RTEE outperformed conventional methods by achieving the lowest average error across various activities, making it particularly suitable for monitoring EE in workers performing diverse tasks rather than single-type exercises. Unlike traditional MET-based approaches, which require activity-specific indices, RTEE estimates intensity coefficients directly from heart rate changes, enhancing real-time usability.

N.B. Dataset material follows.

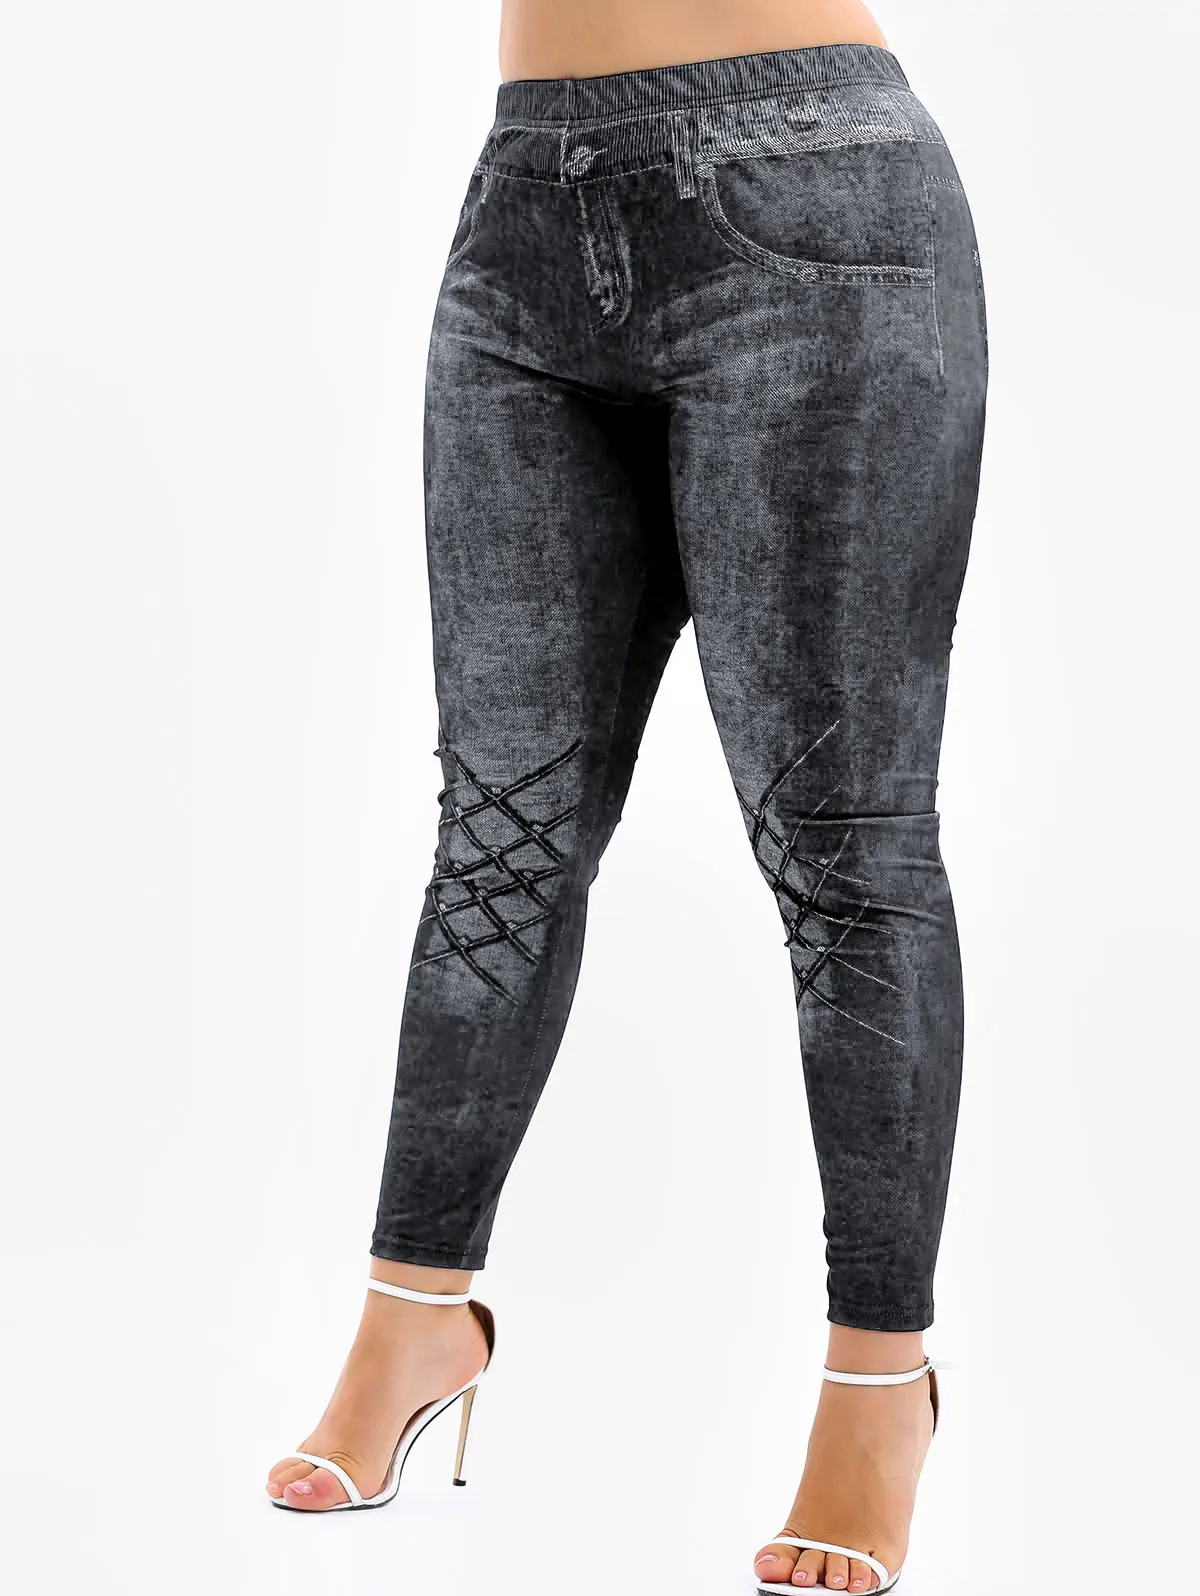 Rosegal размера плюс 3D джинсы с принтом обтягивающие леггинсы с высокой талией женские сексуальные леггинсы для фитнеса с эффектом пуш-ап 5XL штаны большого размера Femme

Although the model does not explicitly model the delay in reaching a steady physiological state, it partially captures transition dynamics via heart rate. Future work will focus on modeling these dynamics more precisely and improving accuracy during exercise onset.
We also acknowledge limitations related to the use of RMR (estimated via the Mifflin equation) instead of BMR and dataset dependency. To address variability and approximation errors, our model dynamically adjusts predictions through reinforcement learning. Further work will involve refining BMR–RMR modeling, expanding the dataset, and reducing measurement noise to enhance robustness and generalizability. The model’s performance is subject to the quality of the training data, which may include noise from movement or sensor errors. Future research will aim to enhance reliability by addressing these issues.